Vers la fin de 1982, le personnel du DAN constata deux choses: d'abord que la demande de la part des plongeurs pour l'information sur la médecine relative aux accidents de plongée allait croissant et deuxièmement, que les dons constituaient un mode de financement trop incertain. Puis en août 1983, le Diving Accident Network devint un regroupement de membres qui prit le nom de Divers Alert Network. Les services d'urgence du DAN restèrent toutefois les mêmes. Quant à la diffusion de l'information sur la médecine relative aux accidents de plongée, elle est assurée par le bulletin du DAN, Alert Diver, par les articles publiés dans des périodiques traitant de plongée, par l'Underwater Diving Accident Manual et grâce aux cours de médecine spécialisée dans le domaine de la plongée, lesquels sont parrainés par le DAN.

Par ailleurs, la cotisation des membres du DAN permet à un plus grand nombre de plongeurs de tirer profit de l'information fournie tout en assurant le support vital indispensable à la survie du réseau. En plus de la carte incluant le numéro du DAN et une liste des symptômes propres aux diverses blessures, les membres reçoivent un manuel de soins d'urgence, des décalques indiquant le numéro d'urgence du DAN, à coller sur la bouteille, ainsi qu'un abonnement à AIert Diver, le bulletin médical du DAN conçu aussi bien pour le profane que pour le professionnel.

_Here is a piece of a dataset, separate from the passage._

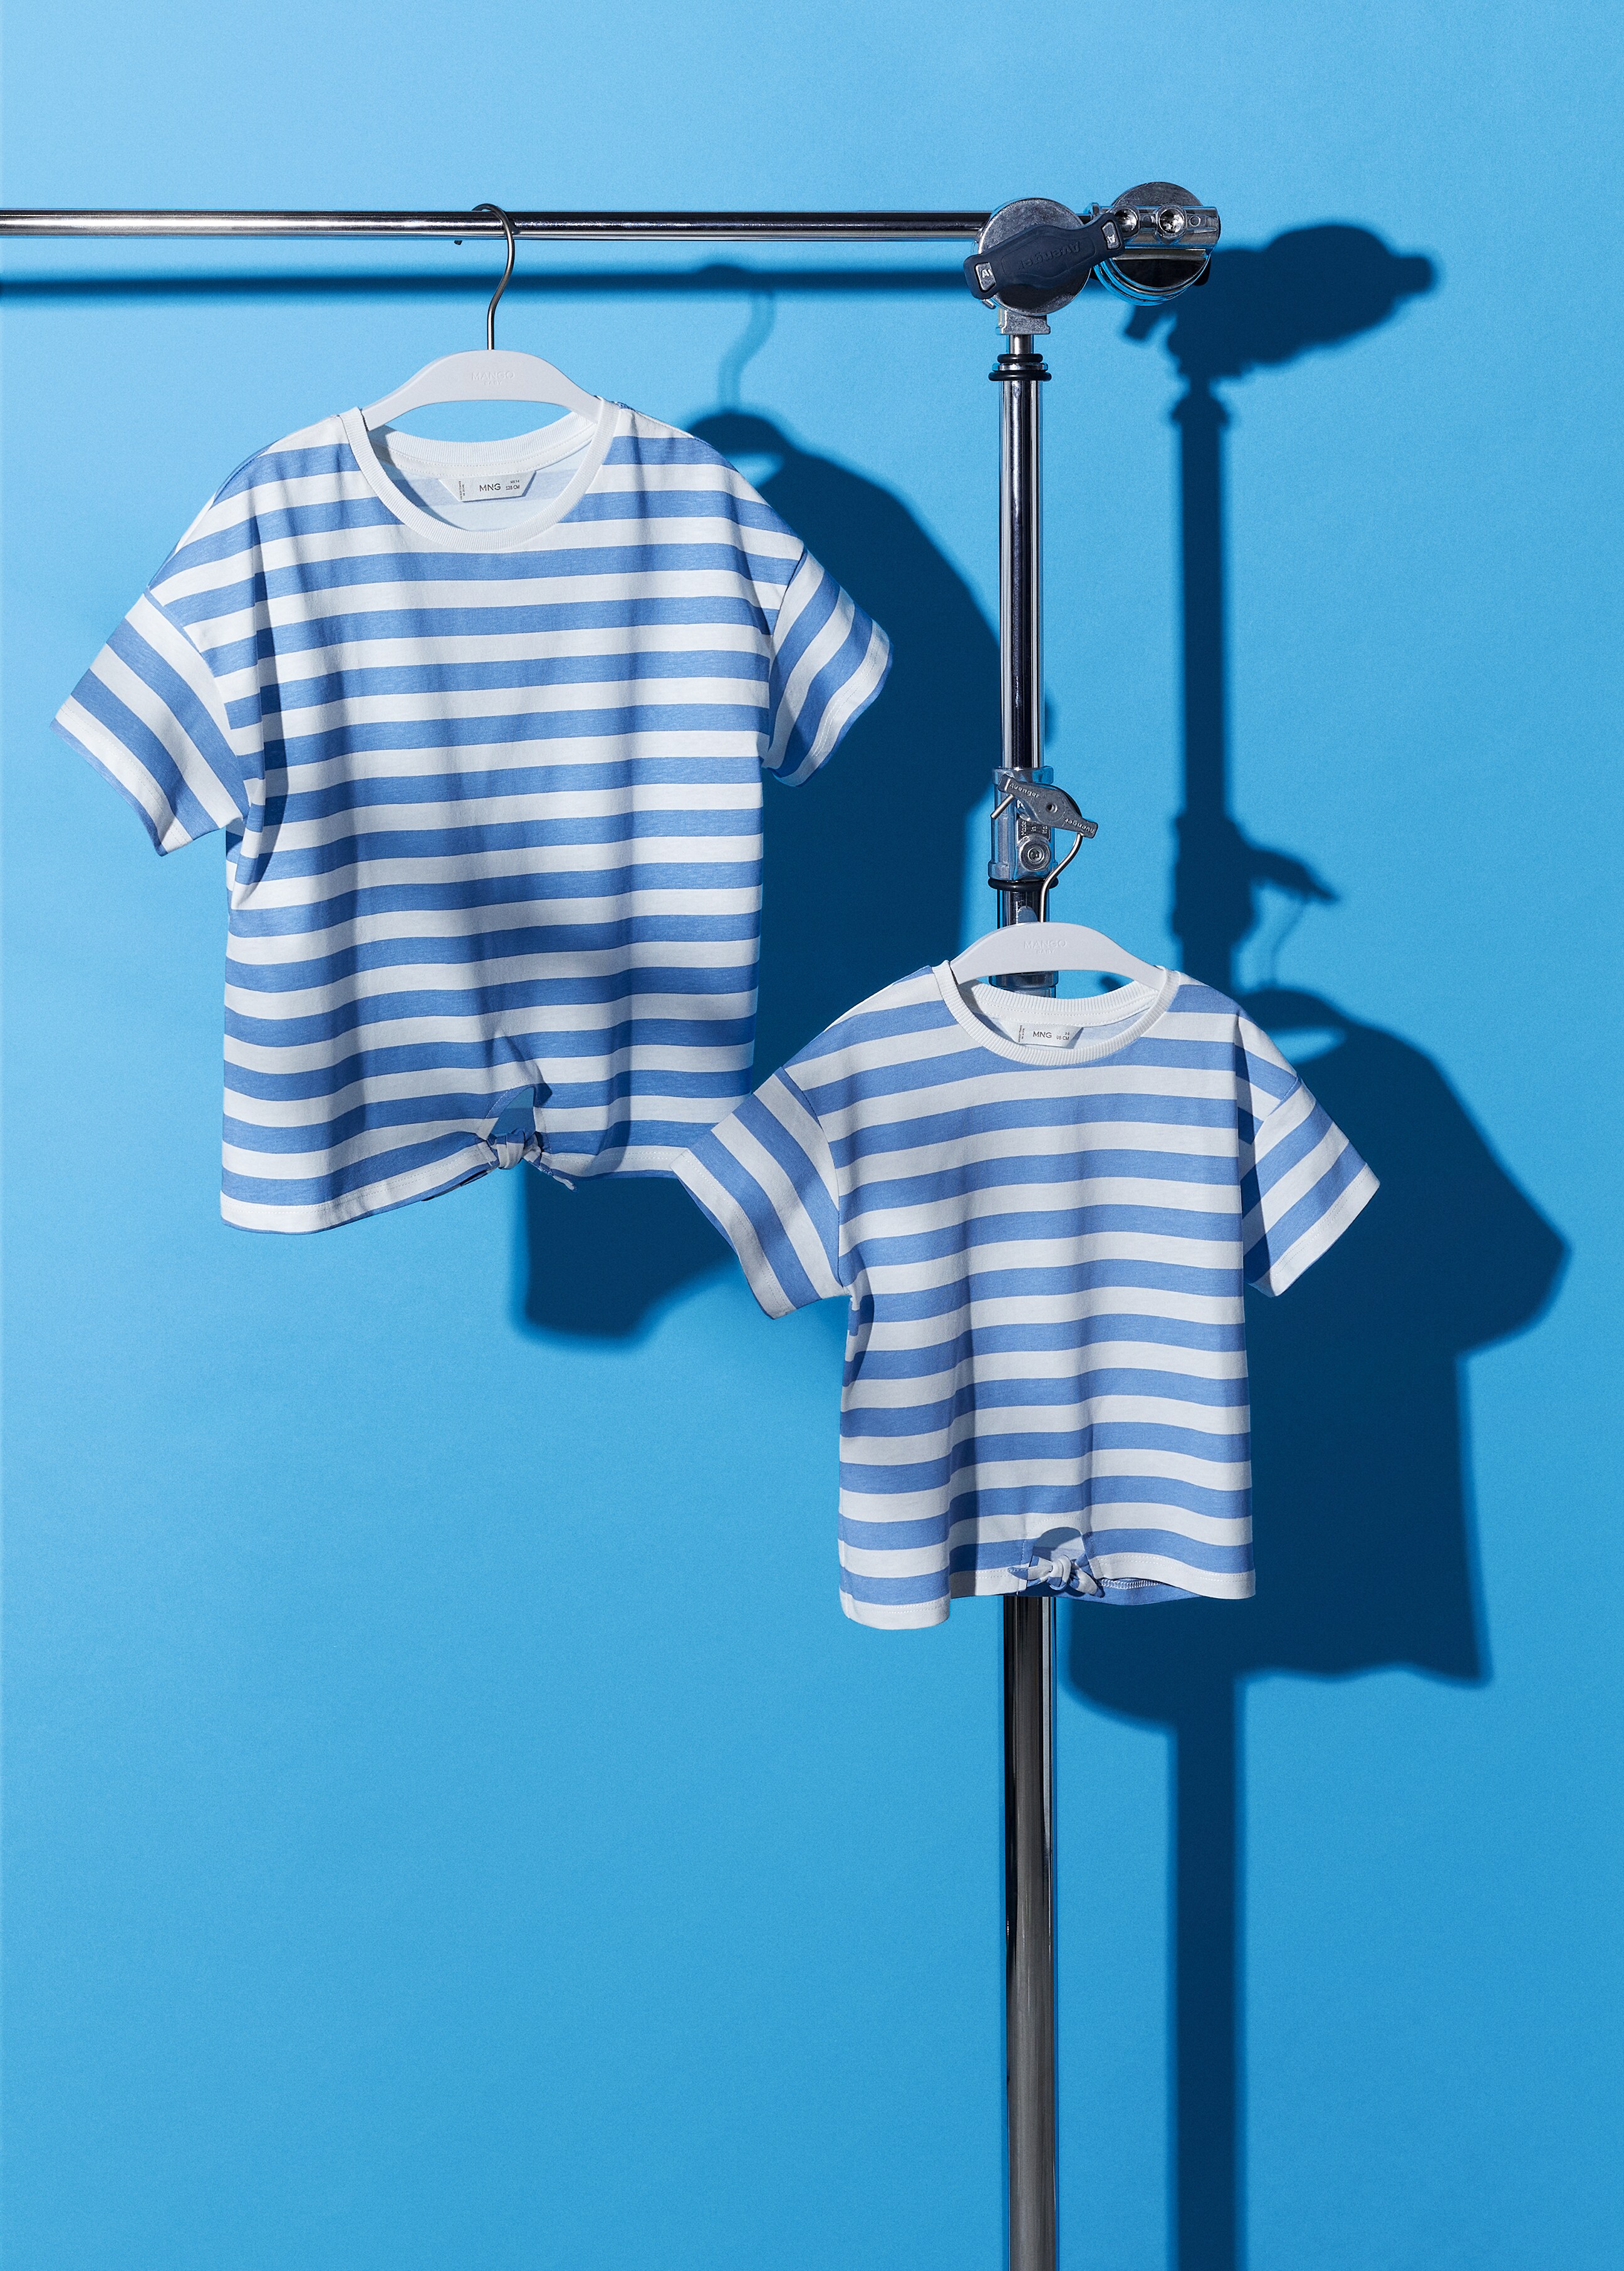 Knot striped T-shirt - Details of the article 5

Le Divers Alert Network, dirigé par le Dr Peter Bennett, regroupe les installations hyperbares suivantes:

Sud-Est: (Durham, Caroline du Nord)
Dr G. Yancey Mebane et M. Chris Wachholz (919) 684-8111
Caroline du Nord, Tennessee, Caroline du Sud, Georgie, Alabama, Floride et les Caraïbes.

Nord-Est: (Baltimore, Maryland)
Dr Roy Myers et M. Charles Gross (301) 528-6152
Pennsylvanie, Maine, Vermont, New Hampshire, Massachusetts, Connecticut, Rhode Island, New York, New Jersey, Delaware, Maryland, district de Columbia, Virginie, Virginie de l'Ouest.

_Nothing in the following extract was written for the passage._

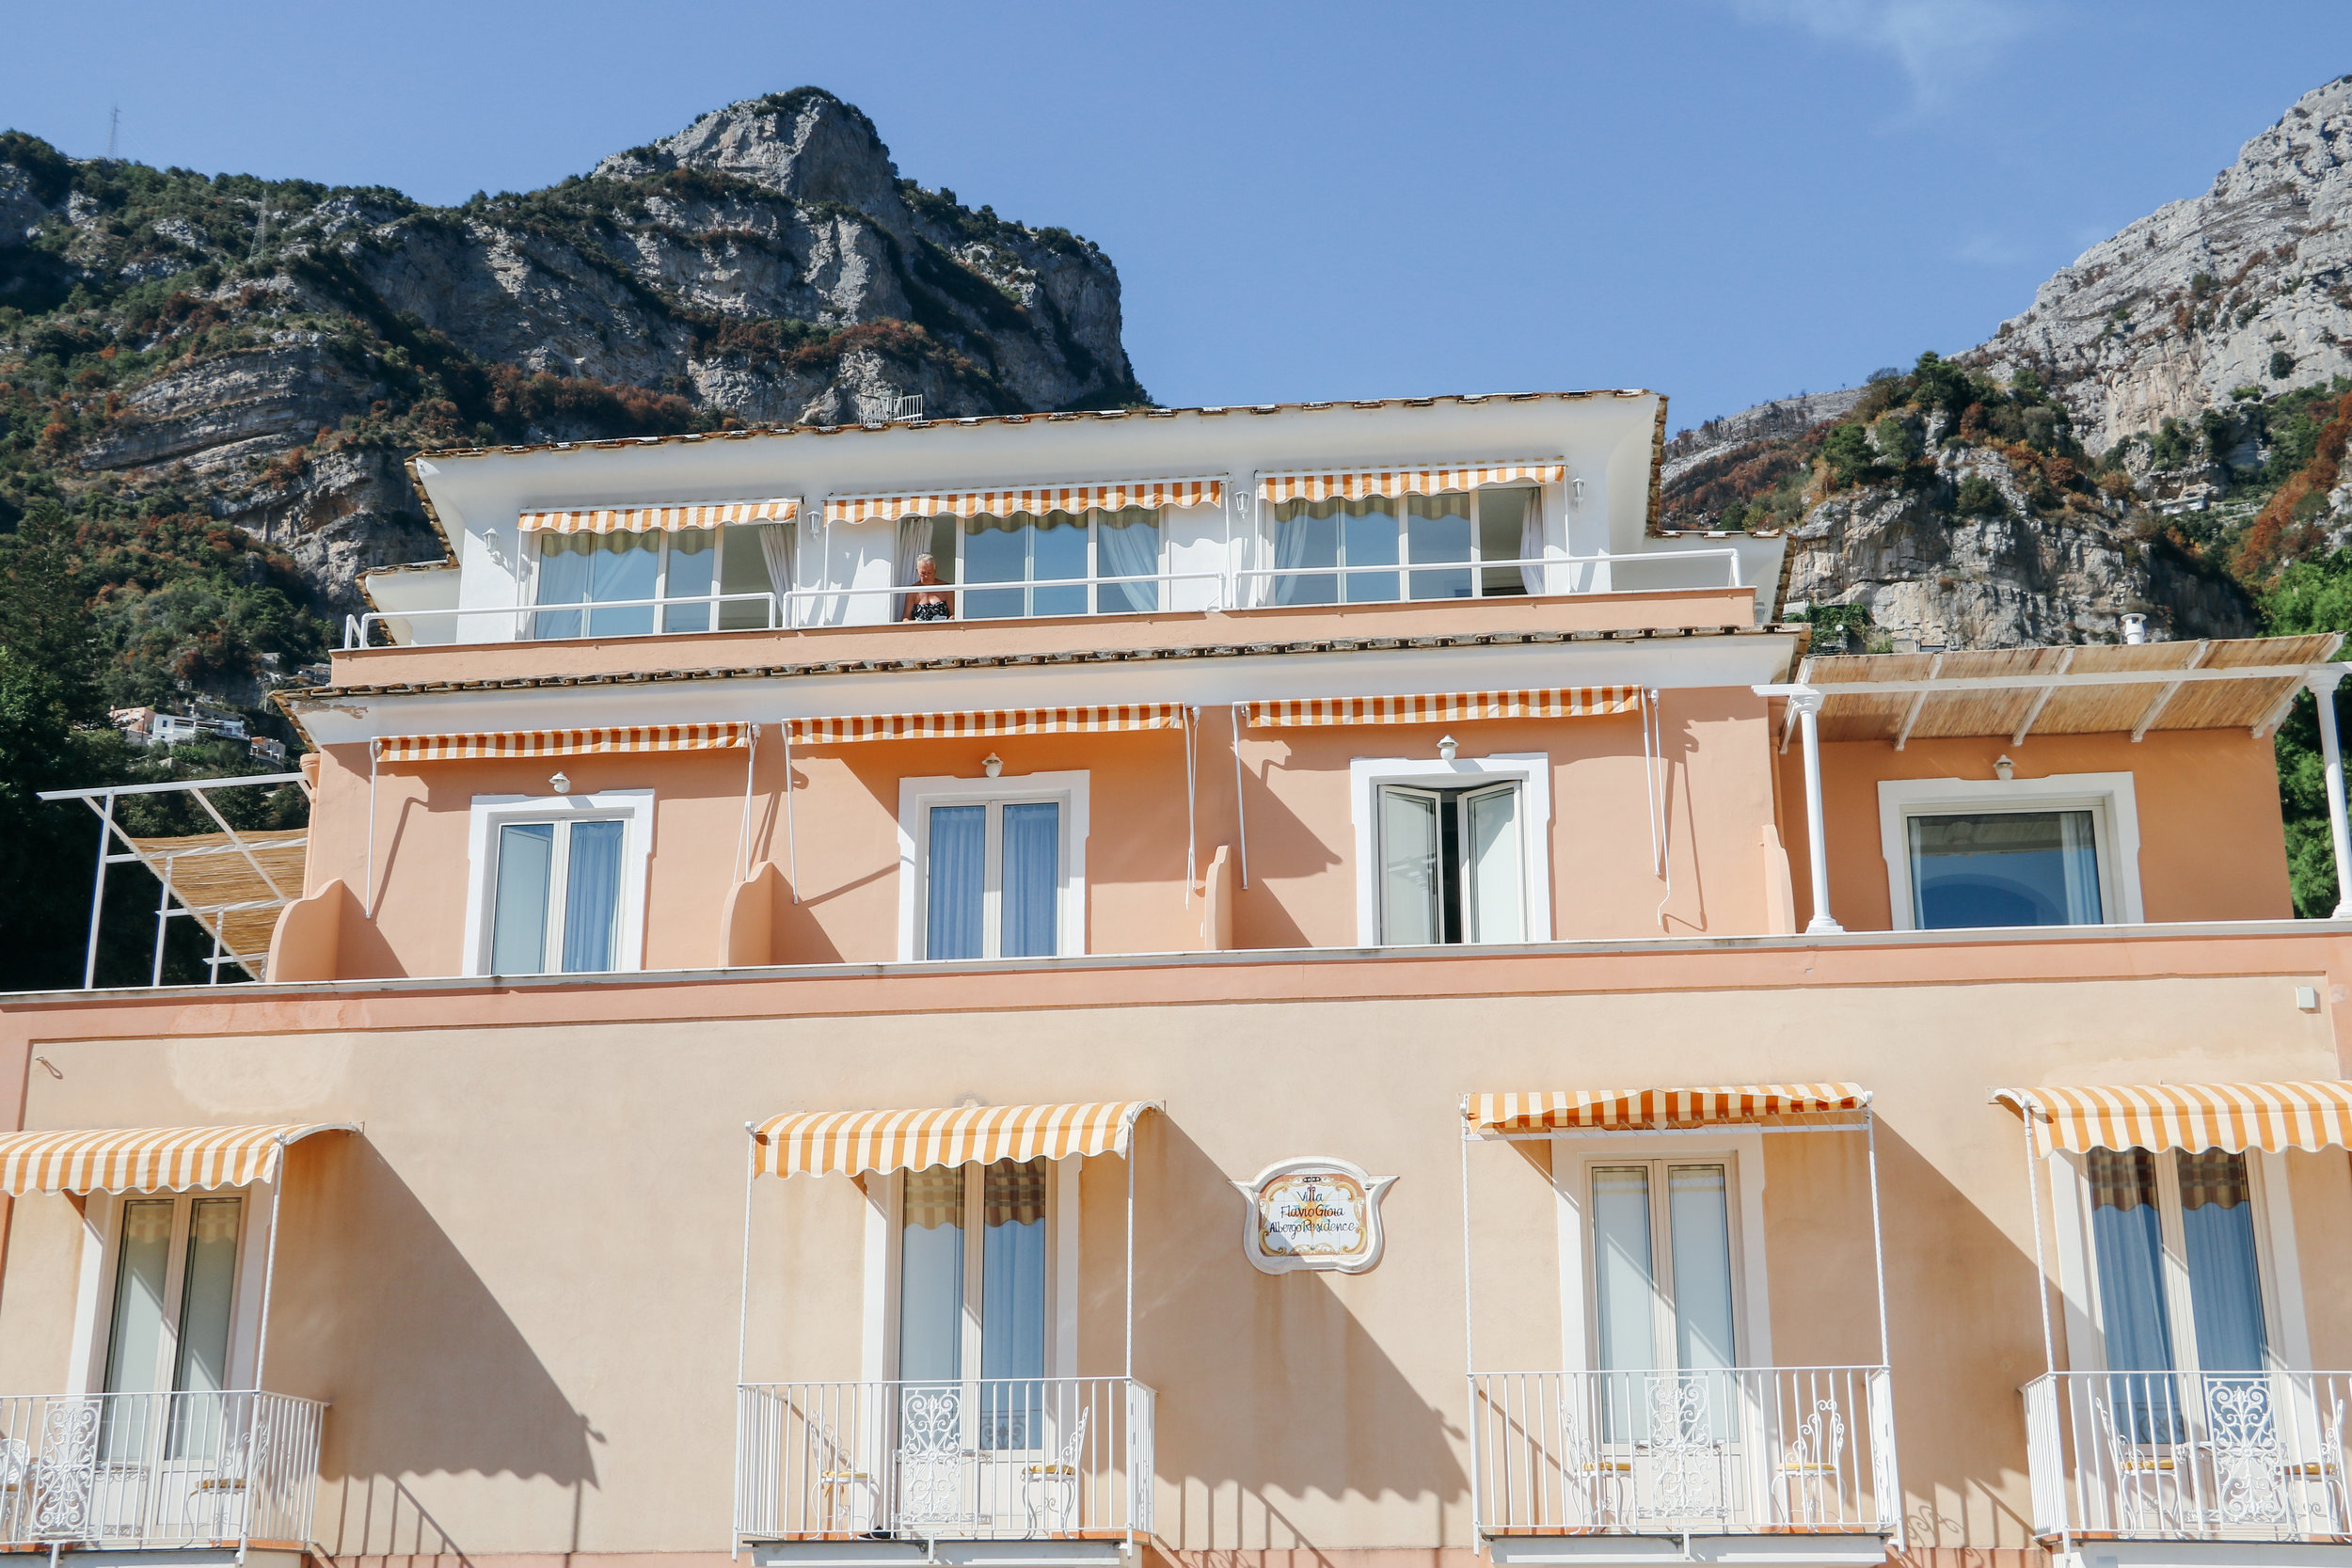 The Chic Traveler's Guide to Positano

Midwest: (Milwaukee, Wisconsin)
Dr Eric Kindwall et M. Larry Stevens (414) 647-7466 ou (414) 649-7920
Wisconsin, Michigan, Ohio, Indiana, Kentucky, Illinois, Minnesota, Iowa, Dakota du Nord, Dakota du Sud, Wyoming, Nebraska.

Côte du Golfe: (Nouvelle-Orléans, Louisiane)
Dr Keith Van Meter et M. Jim Persels (504) 363-7655
Louisiane, Texas, Mississippi, Arkansas, Missouri, Kansas, Colorado, Nouveau-Mexique, Oklahoma.

Nord-Ouest: (Seattle, Washington)
Dr Robert Crawford et Dr Richard Dunford (306) 624-1144
Washington, Oregon, Idaho, Montana, Alaska.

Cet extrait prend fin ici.